Regarding the amount of properties not matching this could be due to a
non clean shutdown on the production system. We are planing on
improving this in the near future by allowing for more aggressive
reuse of ids for properties.
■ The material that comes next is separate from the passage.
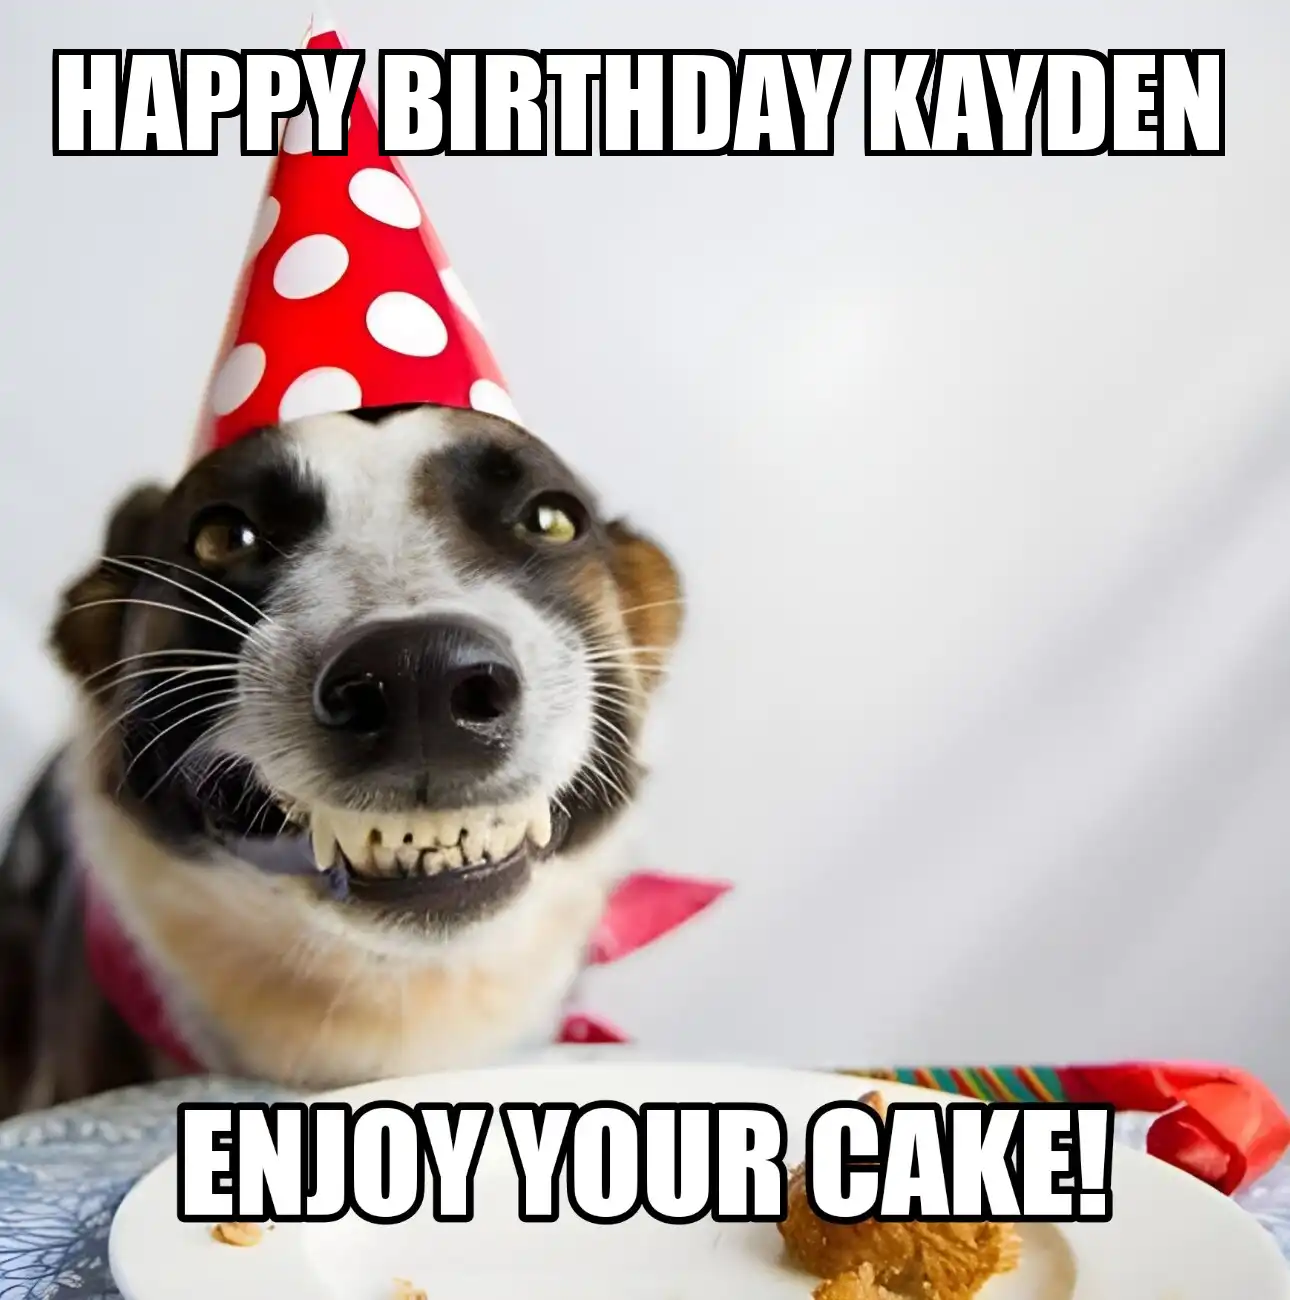 Happy Birthday Kayden Enjoy Your Cake Dog Meme

This will specifically improve things for
workloads that perform a lot of property updates.

-Johan

On Tue, Aug 30, 2011 at 10:05 AM, Aseem Kishore <aseem.kish...@gmail.com> wrote:
> Hey guys,
>
> We do offline backups of our db on a semi-regular basis (every few days),
> where we (1) stop the running db, (2) copy its data directory and (3)
> restart the db.
>
> A few times early on, we did running backups -- but not the proper "online"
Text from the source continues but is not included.